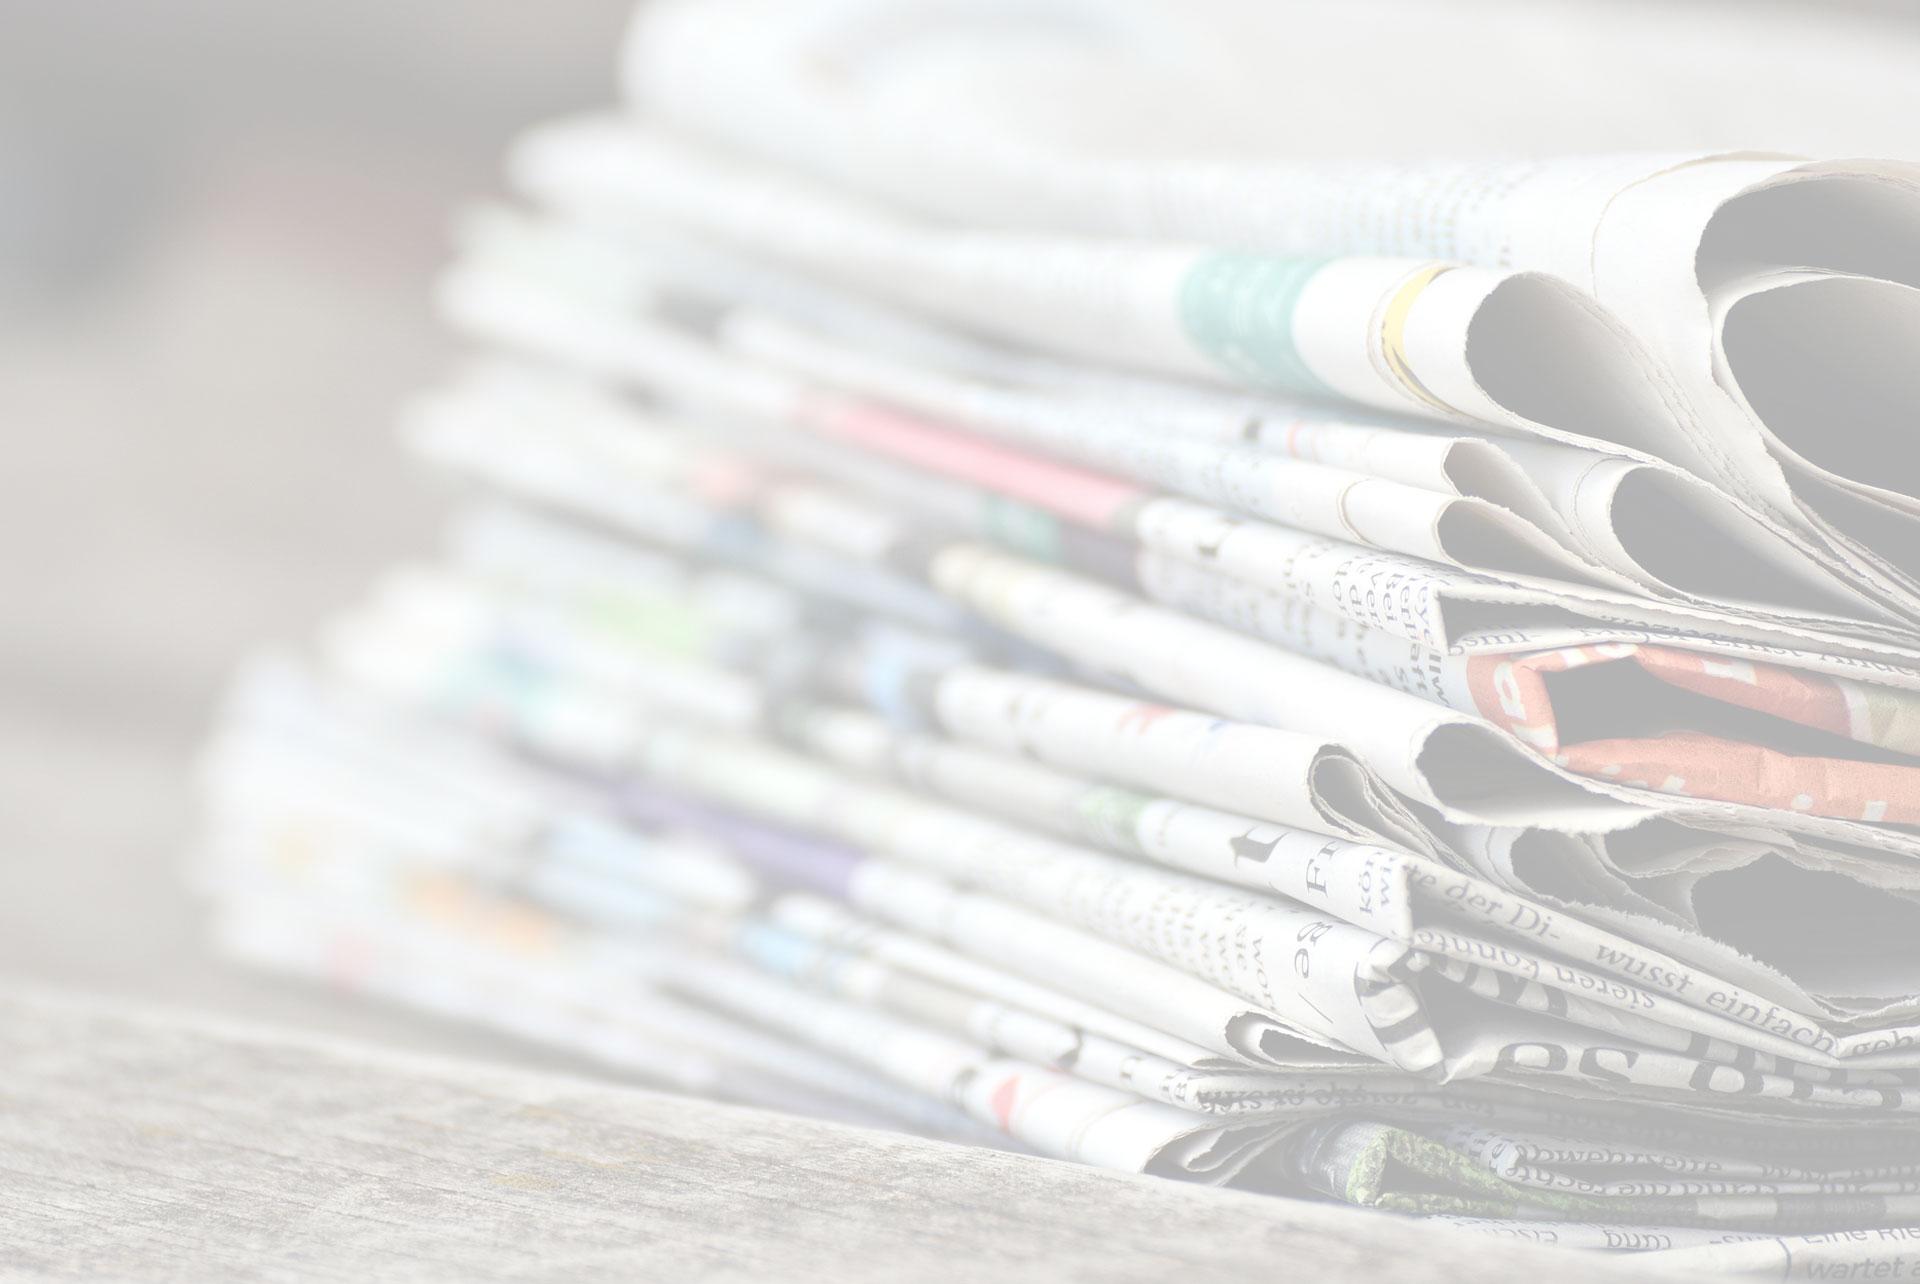 problemi audio widows 10
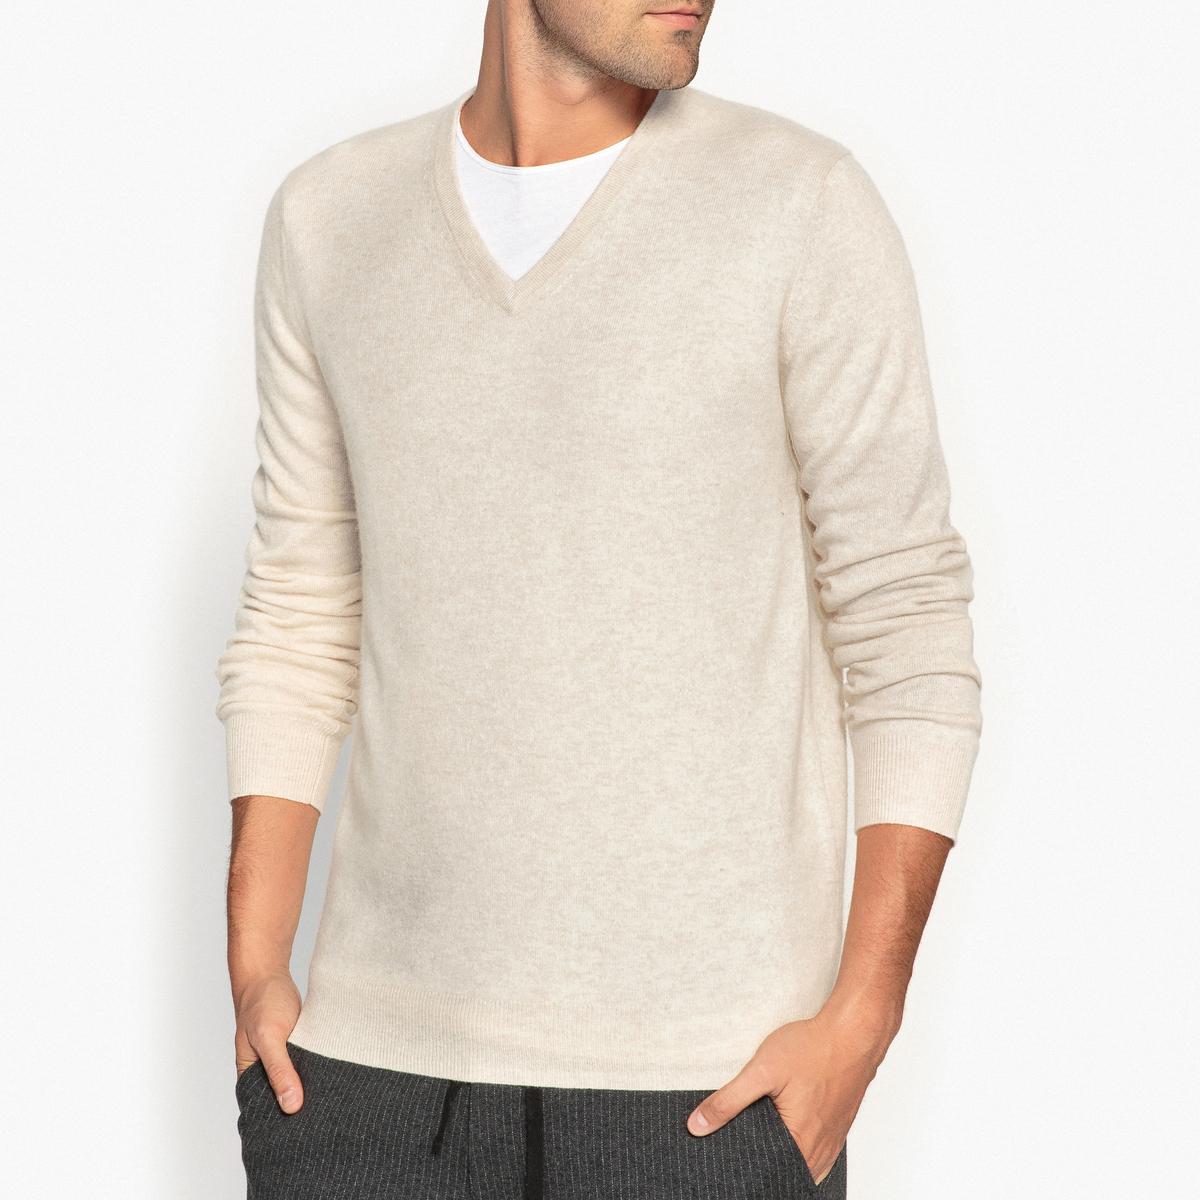 Пуловер из кашемира с V-образным вырезомПуловер с длинными рукавами. Прямой покрой, V-образный вырез. Края низа и рукавов связаны в рубчик.Состав и описание Материал : 100% кашемирДлина : 66 смМарка : R essentiel<br><br>Цвет: экрю<br>Размер: S.L
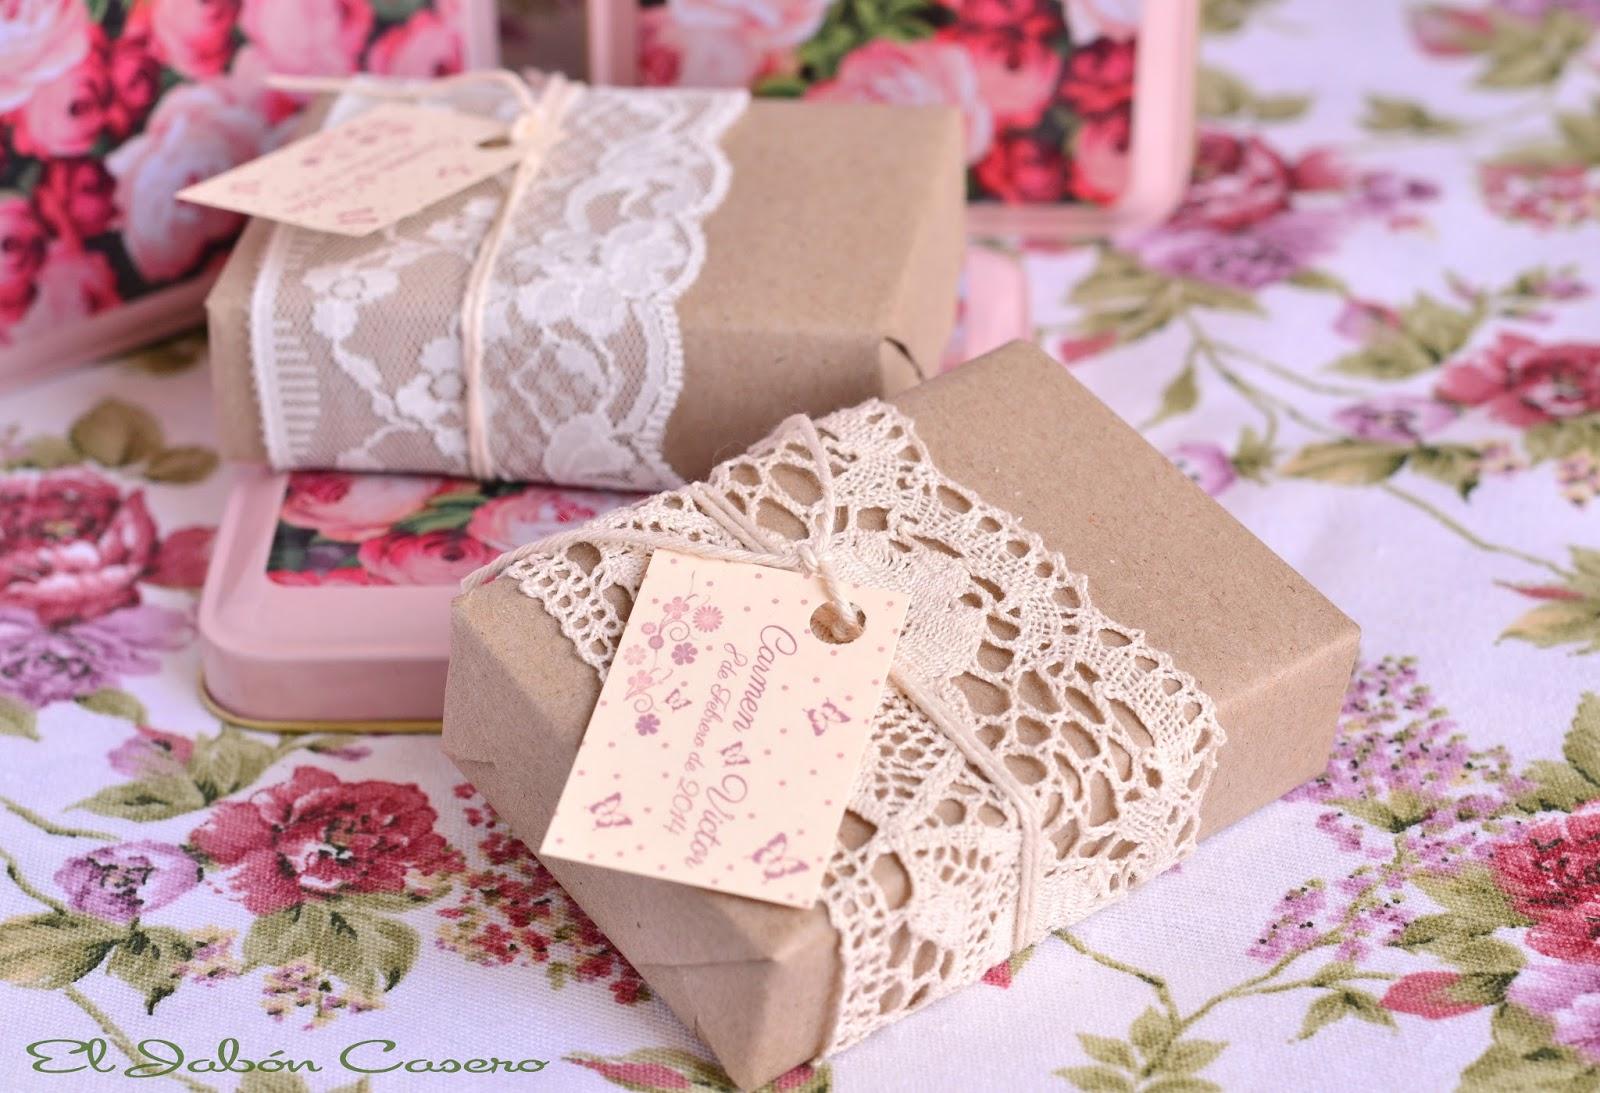 El jab n casero detalles de bodas jabones encajes - Detalles para regalar en boda ...

Your task: Only these lines belong in the answer: the first line of the listing above through the line holding "Пуловер из кашемира", printed exactly and without pictures.

Exercise solution:
 problemi audio widows 10
 Пуловер из кашемира с V-образным вырезомПуловер с длинными рукавами. Прямой покрой, V-образный вырез. Края низа и рукавов связаны в рубчик.Состав и описание Материал : 100% кашемирДлина : 66 смМарка : R essentiel<br><br>Цвет: экрю<br>Размер: S.L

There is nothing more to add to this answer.